Smith noted that he and other lawmakers are “concerned that these efforts to silence speech are based on political theater rather than legal or scientific arguments” and that the investigation “run(s) counter to an attorney general’s duty to serve ‘as the guardian of the legal rights of the citizens’ and to ‘assert, protect and defend the rights of the people.’”

Warren in her op-ed offered up a rebuttal to Smith’s description.

“Take a breath to absorb that: State attorneys general are investigating whether a fraud has been committed — something state AGs do every day,” Warren wrote. “Sometimes AGs uncover fraud and sometimes they don’t, but if the evidence warrants it, the question of fraud will be resolved in open court, with all of the evidence on public display.

“But instead of applauding the AGs for doing their jobs, this particular investigation against this particular oil company has brought down the wrath of congressional Republicans — and a swift effort to shut down the investigation before any evidence becomes public.”

Warren accuses several GOP lawmakers of making a “swift effort to shut down the investigation before any evidence becomes public.”

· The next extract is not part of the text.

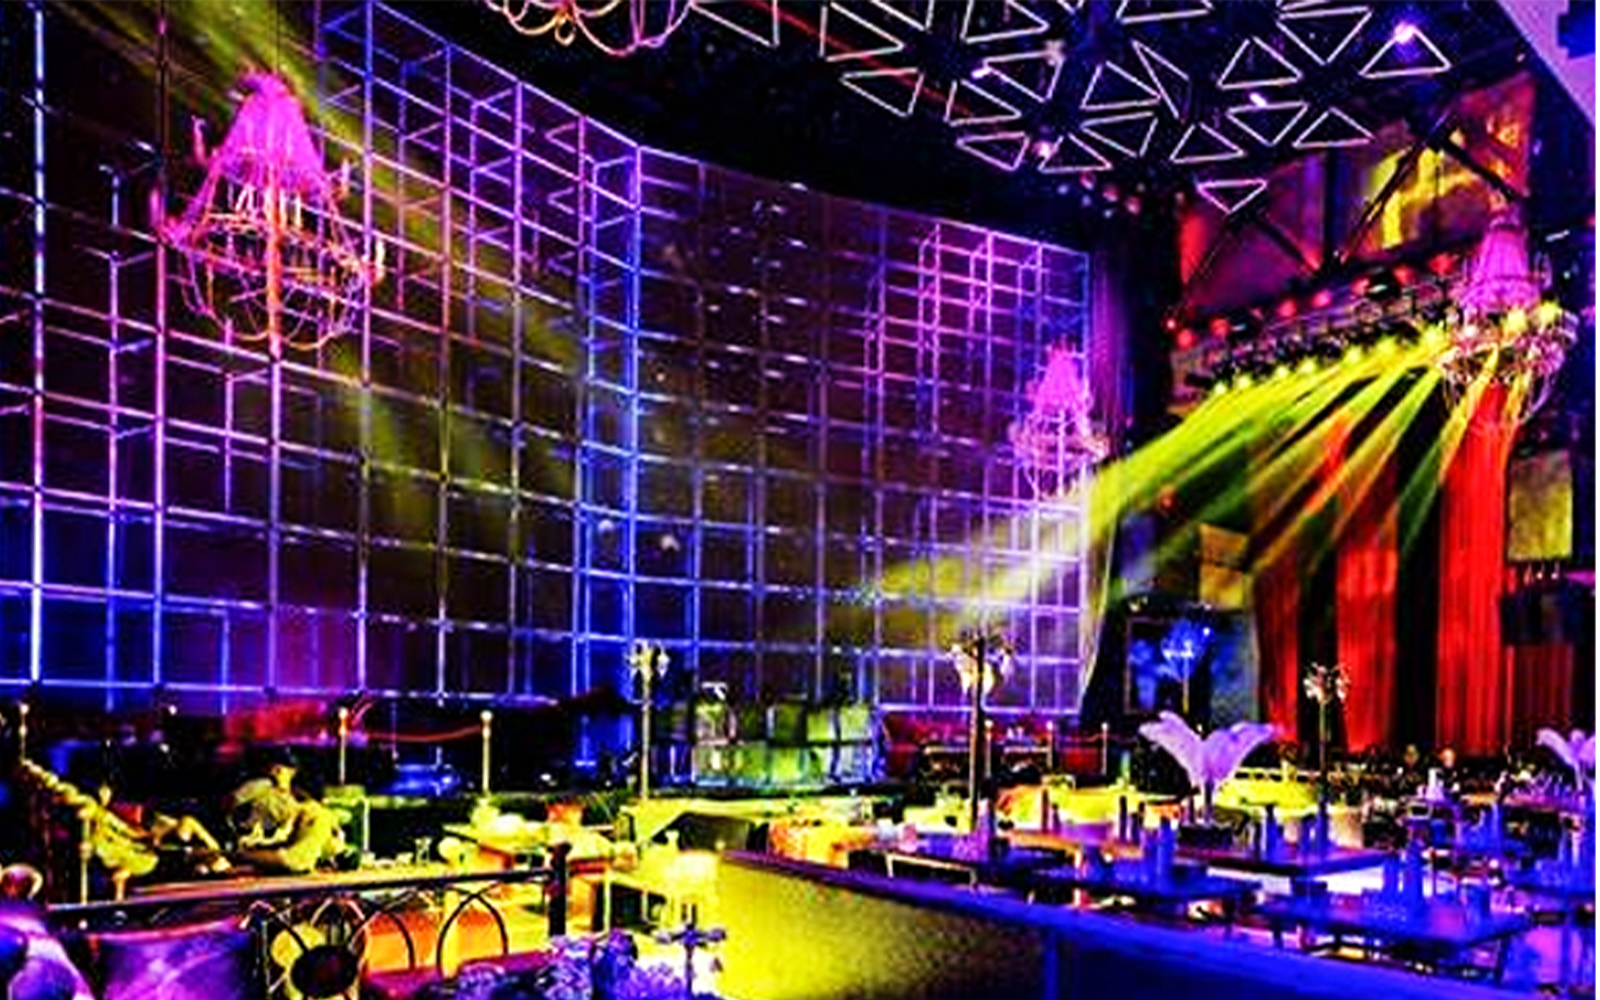 北京 Elements酒吧-酒吧设计_KTV设计_会所设计_音乐餐厅设计_文化商业地产设计_新冶组设计

On Thursday Lexington resident and Green Party presidential candidate Dr. Jill Stein entered the mix, vowing that, if elected, she will get to the bottom of the alleged global warming shenanigans:

Meanwhile, the Massachusetts Attorney General continues to press her case.  The fact ExxonMobil does not base any of its business inside Massachusetts does not appear to be hampering Healey’s efforts to investigate the company under Massachusetts consumer protection laws. The company is fighting Healey via an injunction filed in Texas Court, while Healey is working to try to have the case moved to Massachusetts.

In May Warren, Whitehouse and several other Democratic members of Congress compared ExxonMobil’s tactics to those employed by the tobacco industry, claiming the opposition “reprises the tobacco lawsuit’s own early history of efforts from Congress to discourage or interfere with that lawsuit in order to protect the tobacco industry.”

Kevin Ewing, an attorney with a Houston law firm which has previously represented the interests of energy companies, responded in June by pointing out a key detail.

“Tobacco was shown to cause specific harm to specific individuals,” he added. “Not so with climate change, where we cannot yet discern the factual connection between a company’s conduct and individual harm, even though we can observe the global effects of climate change at large.”